Um estudo inédito feito pelo Instituto-Geral de Perícias (IGP) revelou que a quantidade de cocaína presente em amostras apreendidas no Estado em 2021 variou de 0% a 78%. Ou seja, havia porções sem nada de cocaína, apenas adulterantes.
Conforme a chefe da Divisão de Química Forense do Departamento de Perícias Laboratoriais, Lara Soccol Gris, para ser considerada pura, livre de outros intoxicantes, a porção vendida comercialmente teria de ter entre 98% e 100% de cocaína, o que não é comum de ser encontrado.
— Por não saber exatamente o que está comprando, e diante da grande variabilidade de concentrações constatada, podemos dizer que os usuários estão gravemente expostos ao risco de intoxicações e de overdose — diz Lara, que é coorientadora do trabalho realizado em parceria com a Ulbra.
Em fevereiro, o caso de dezenas de pessoas intoxicadas e, pelo menos, 24 mortas na Argentina depois do consumo de cocaína adulterada deixou autoridades em alerta. Jornais locais, que tiveram acesso a laudos de análise da droga, divulgaram que foi encontrado no material o Carfentanil, um opioide de uso veterinário.
A substância é usada para anestesiar elefantes. O produto é tão perigoso que há orientação da DEA, a agência americana de combate às drogas, para que policiais não façam o manuseio da droga se houver suspeita da presença do opioide.

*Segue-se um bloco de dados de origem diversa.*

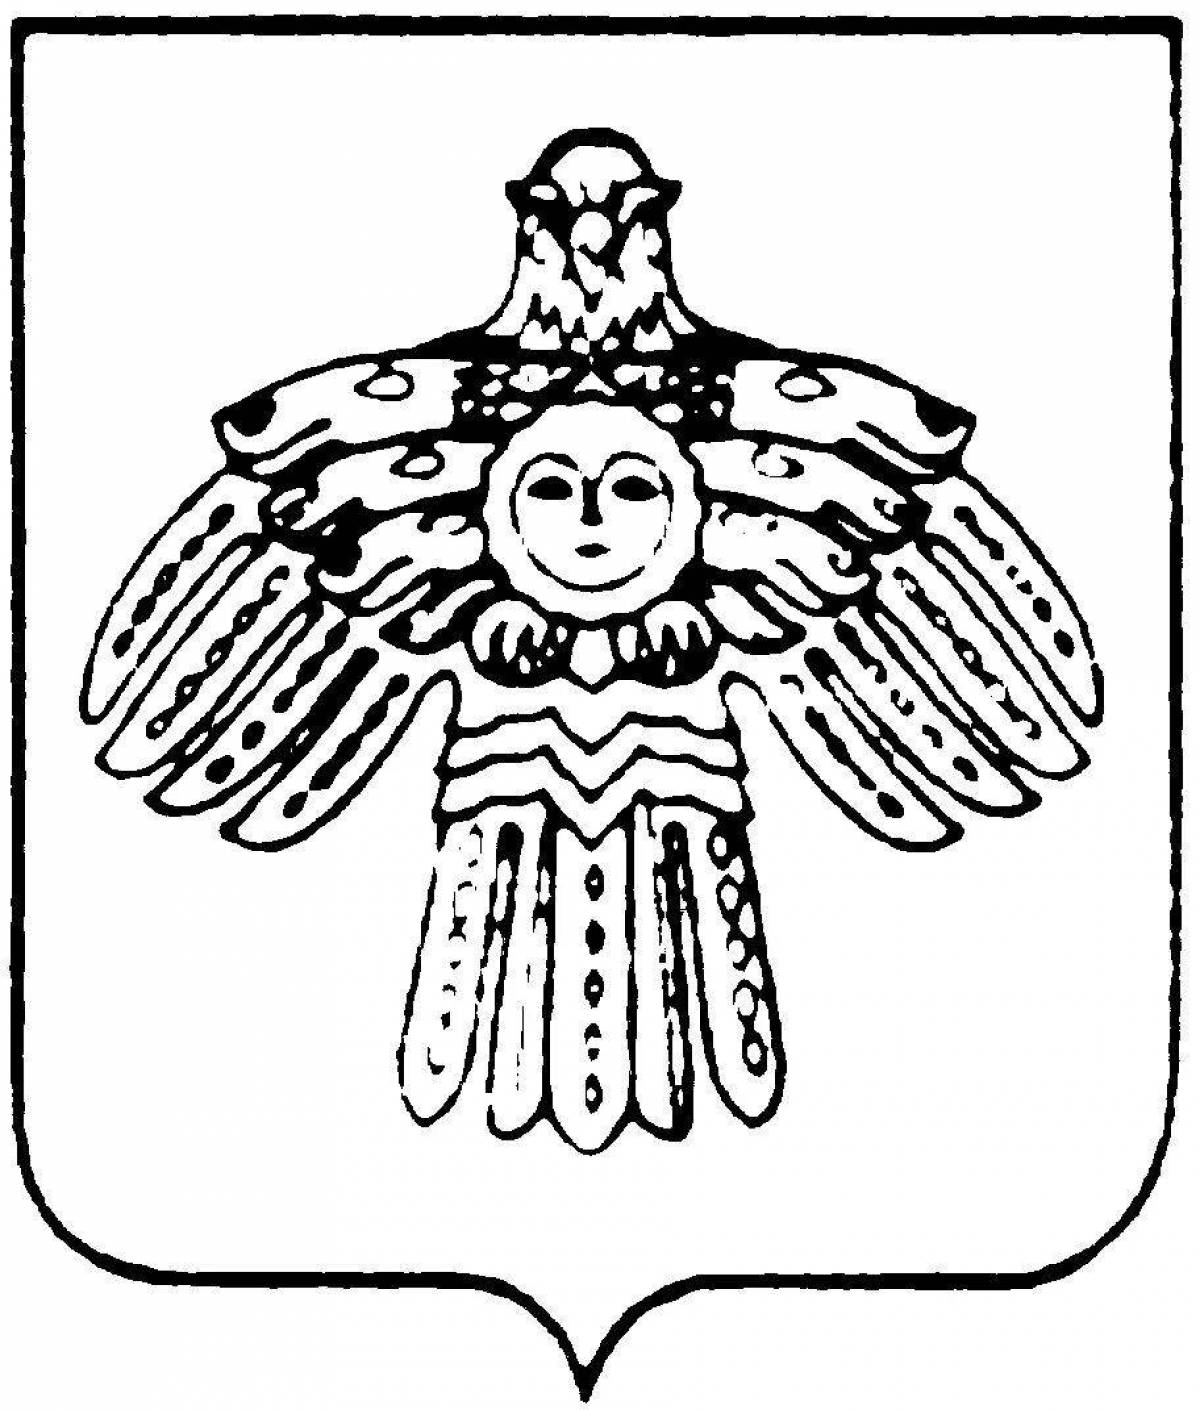 Герб Республики Коми рисунок

— Não se sabe o que pode estar sendo misturado na cocaína. Temos cada vez mais apreensões de drogas sintéticas. Seria um alto risco se fossem misturadas à cocaína — destaca a perita Lara.

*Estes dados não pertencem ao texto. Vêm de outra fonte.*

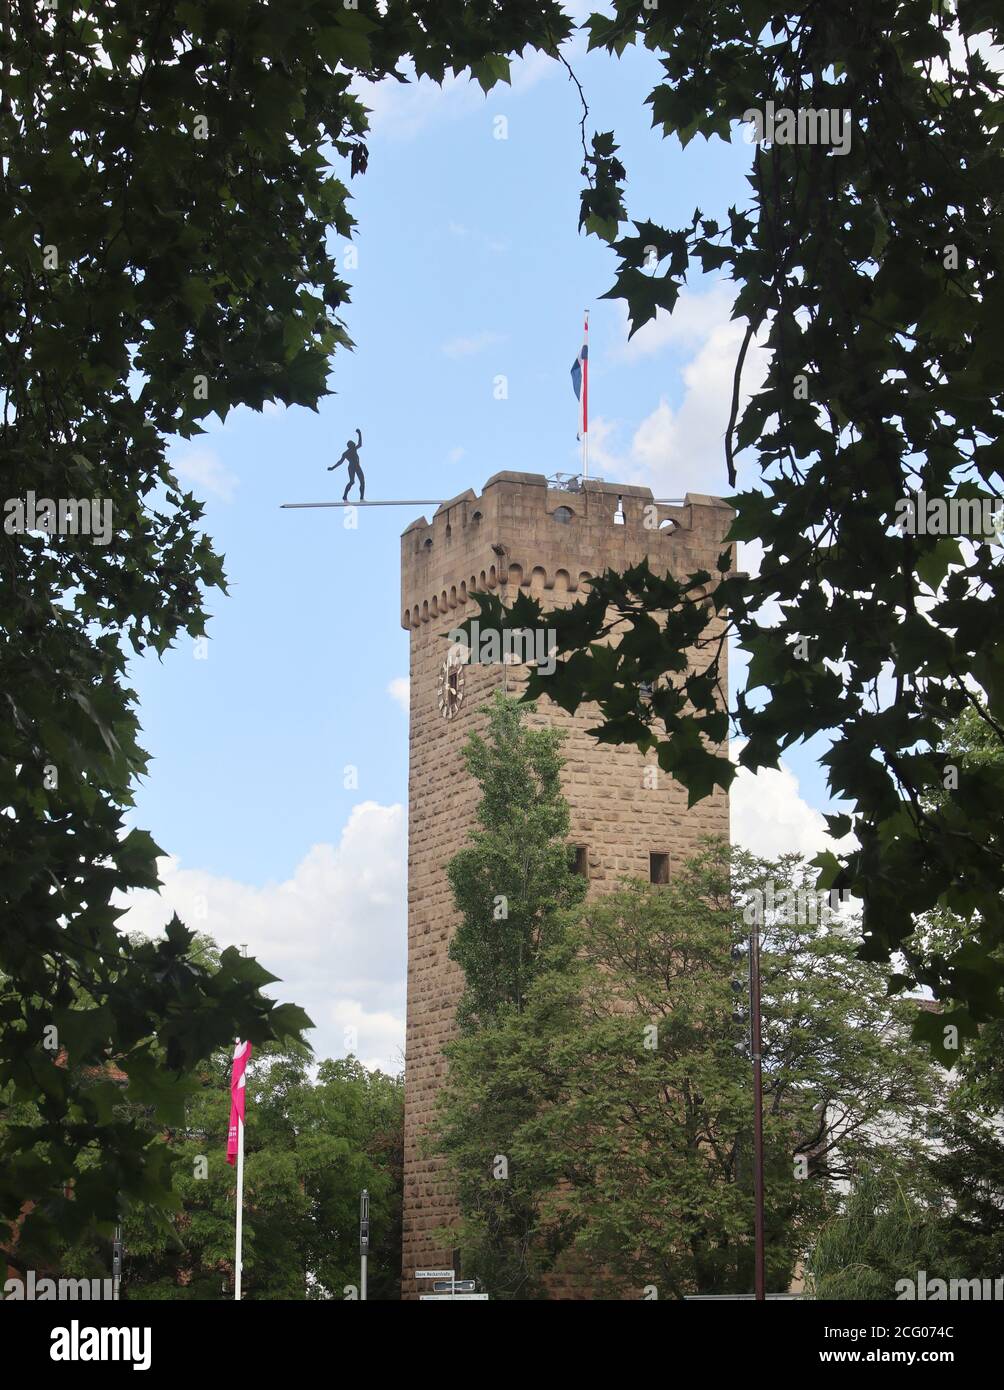 The historical God Tower, Götzenturm, in Heilbronn, Baden-Württemberg, Germany, Europe Stock Photo

O estudo conduzido no IGP virou trabalho de conclusão do curso de Química Industrial da Ulbra, de autoria de Bárbara Rodrigues Cerveira, que é técnica em perícias do IGP. O instituto mantém convênios com universidades, o que permite a produção de trabalhos em conjunto e com troca de experiências.
A pesquisa, segundo o IGP, pode ajudar a área da segurança pública a conhecer melhor a sistemática de trabalhos das facções que atuam na venda de drogas, além de servir como ferramenta de alerta à saúde pública. Foram analisadas 141 amostras de apreensões no Estado.
Os resultados revelaram que há grande variabilidade na presença da cocaína nos materiais apreendidos, sendo que a maior disparidade de concentrações foi identificada em apreensões da Região Metropolitana: apenas 30% possuíam mais do que 40% de cocaína em sua composição. Em Porto Alegre, das 54 amostras analisadas, 35 tinham menos de 50% de teor de cocaína.
No material de Gravataí, nenhuma das 10 amostras apresentou mais do que 40% de cocaína na composição. Em Canoas, apenas uma porção tinha mais do que 50% da droga pura. Em uma das análises foi constatado que a amostra tinha 0% de teor de cocaína, ou seja, o produto vendido como cocaína era, majoritariamente, composto por tetracaína.
Quando o cenário é o Interior, a baixa concentração da droga no material apreendido se repetiu. Na Região Oeste, a média aproximada do teor de cocaína ficou entre 15 e 35%, na Região Norte, de 16 a 40% na Região Central, entre 13 e 42%, e na Região Sul, o teor de cocaína nas amostras ficou entre 14 e 41%.
— Acreditamos que a cocaína já chega ao Estado adulterada em algum grau. Porém, como existem muitas facções atuando e o objetivo final do tráfico é o lucro, a cocaína é mais adulterada ainda ao chegar aqui. A pesquisa pode contribuir para a identificação dessas rotas do tráfico — diz Lara.
Em 2021, o IGP analisou mais de 54 mil amostras de drogas, provenientes de todo o Estado. De acordo com dados da Secretaria Estadual da Segurança Pública, no ano de 2020 foram registradas 143,8 mil ocorrências relacionadas ao tráfico e uso de drogas no Brasil. Destas, 13,4 mil são do Rio Grande do Sul.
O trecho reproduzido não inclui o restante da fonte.